# To Dye or not to Dye that is the question



## GREENCOUNTYPETE

Taking Wisconsin trappers education currently , and there seems to be some controversy orver dyeing traps , some speed dip water sets , and boil , dye and wax land traps . 

while others say boil and wax , don't bother rusting , dying and waxing 

some guys worry so much about scent they have scent free tools and reset tools , but admittedly catch , and catch and catch on resets , done with bare hands and tools that were not boiled 

I have to wonder and a few of the instructors have eluded to this , that it is what ever you think it should be if you want to stay up nights worrying about how you can better make a set scent free 

what do you do ?


I am thinking with Dog proofs , I am not sure it matters what you do , just bate and set , some say there has been success with painting them white , ***** like bright it catches there eye then they smell it.

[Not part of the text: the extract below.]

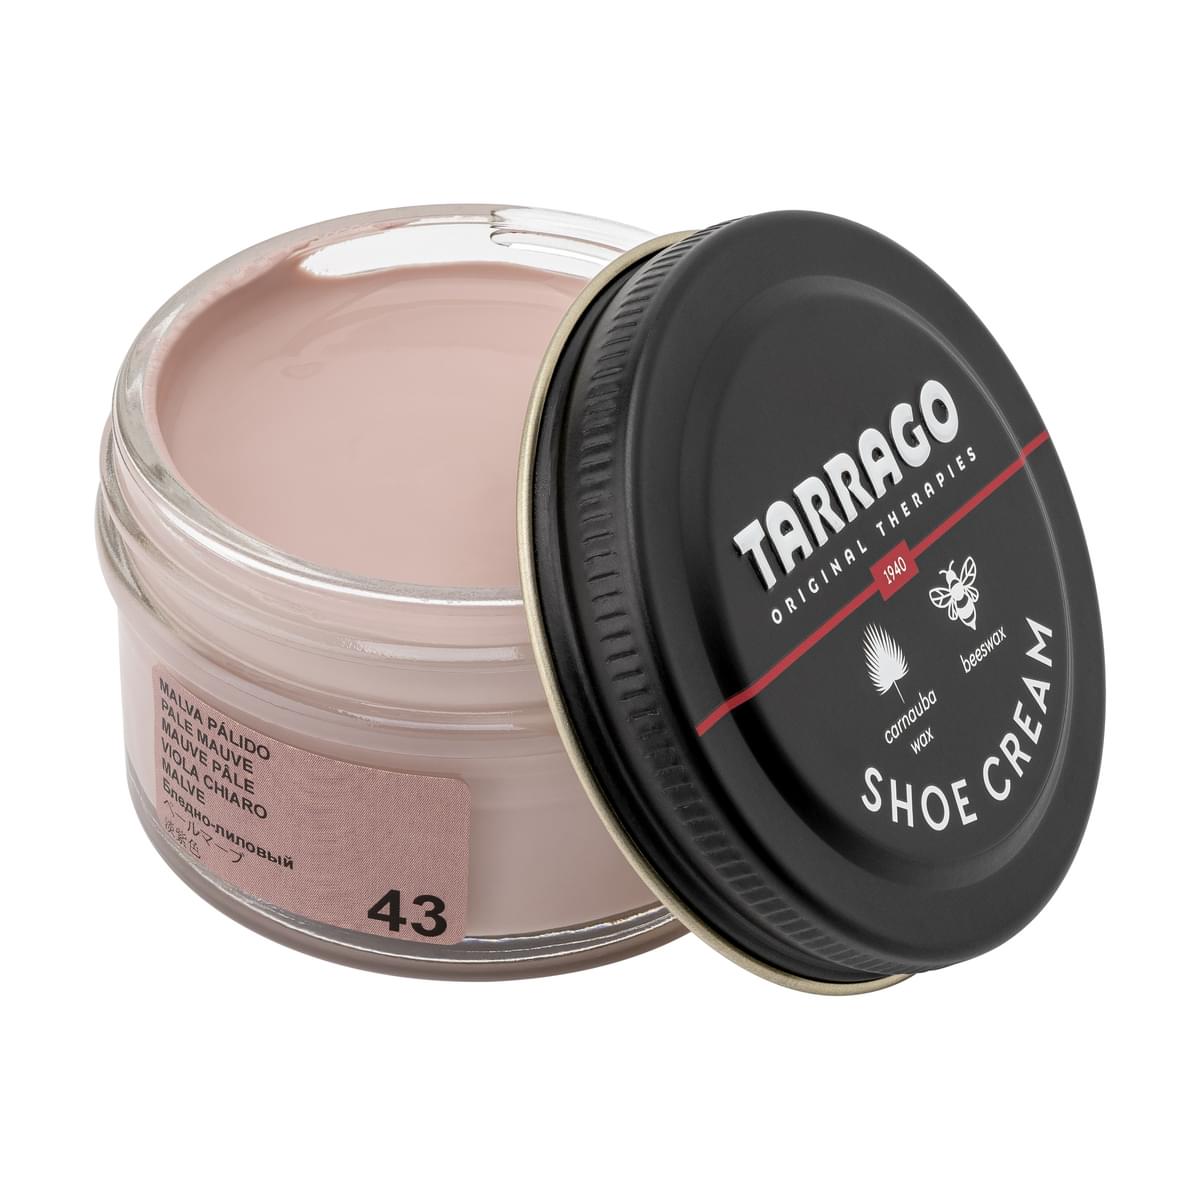 Tarrago Shoe Cream  - Pale Mauve - 43
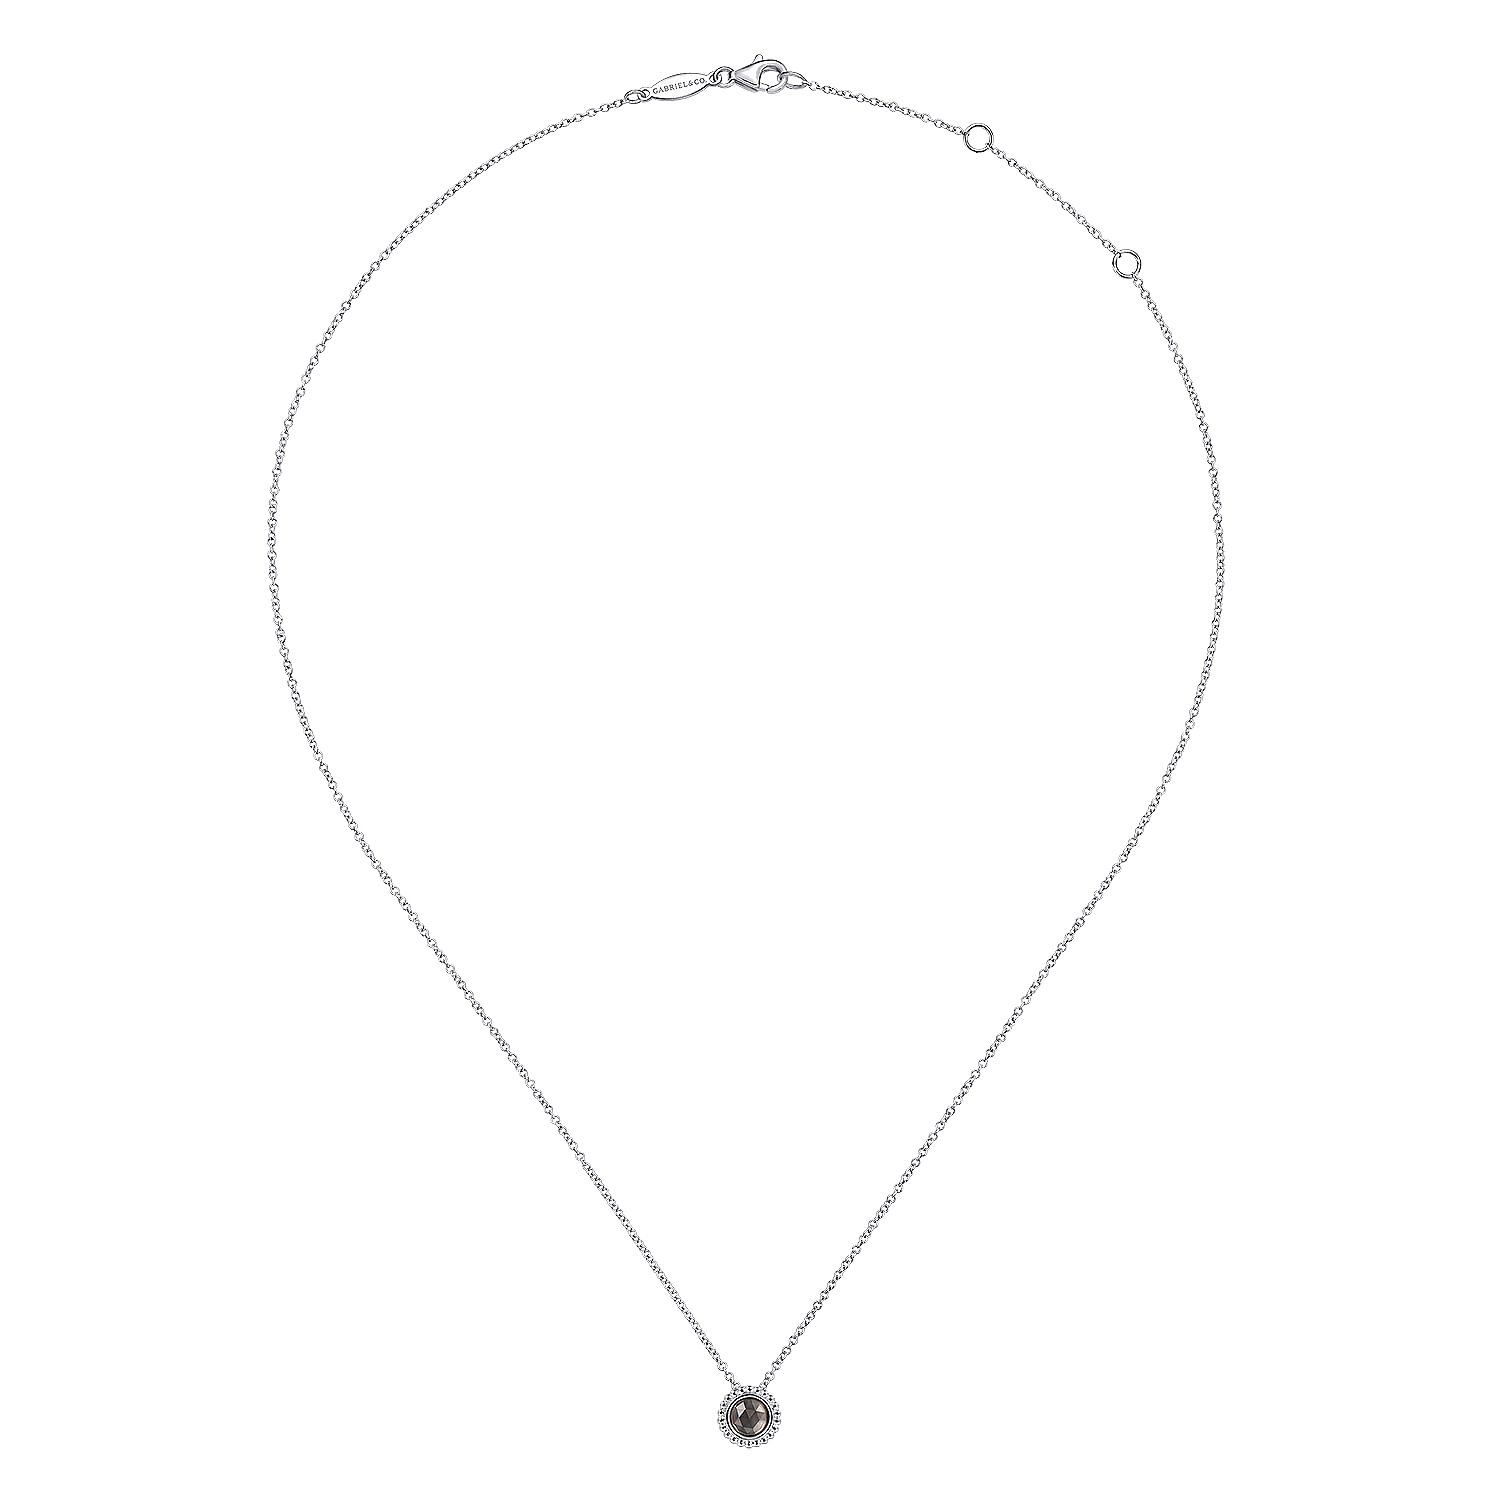 925 Sterling Silver Bujukan Rock Crystal& Black MOP Pendant Necklace

foot hold dirt sets , as long as the scent of the trap is not strong , i think the scent of the lure will be so much stronger , it would be a bit like walking home to fresh flowers on the table and a burnt casserole in the oven no way your smelling the flowers over the more powerful smell.


----------



## tryinhard

I dye my land traps in logwood dye. It helps get all the nasty smells off the trap. I have never waxed a trap for fear that the wax get contaminated and I have to redo all my traps. I set with bare hands, on my knees in front of where I am setting the trap. All animals smell human scent at one point or another in their life. I spoke with a guy that caught 100+ coyotes in 6 days and he said he only wore gloves when his hands got cold. Location is key in land trapping. Dog proofs and water traps can be painted with a flat paint and will do fine. After 4 or 5 raccoons in a dog proof you can pretty much write off any paint or dye you have used. This advice comes from 28 years of trial and error.


----------



## rags57078

I trap about like trying hard does , been doing it for 39 years now , if a person stops and thinks a bit a hound can track a person walking or running  well yotes and fox use their noses to stay alive so they will know if your around . just dont be spitting or taking a wizz next to the sets and you will be fine


----------



## GREENCOUNTYPETE

I kind of figured as much , it's a bit like fishing , most lures seem to be made to catch fisherman in a store and sometimes they also catch fish.

when the instructor demonstrating dirt sets said he , wears gloves for the first set and keeps clean tools for first set , then has dirty tools and uses bare hands for re-sets , but that he continues to catch on them, then he alluded to it's what you think and makes you happy.

I also noticed the instructor with the nicest cloths on had the cleanest looking traps , all speed dipped and perfectly black for water sets and , rusted , dyed and waxed for land.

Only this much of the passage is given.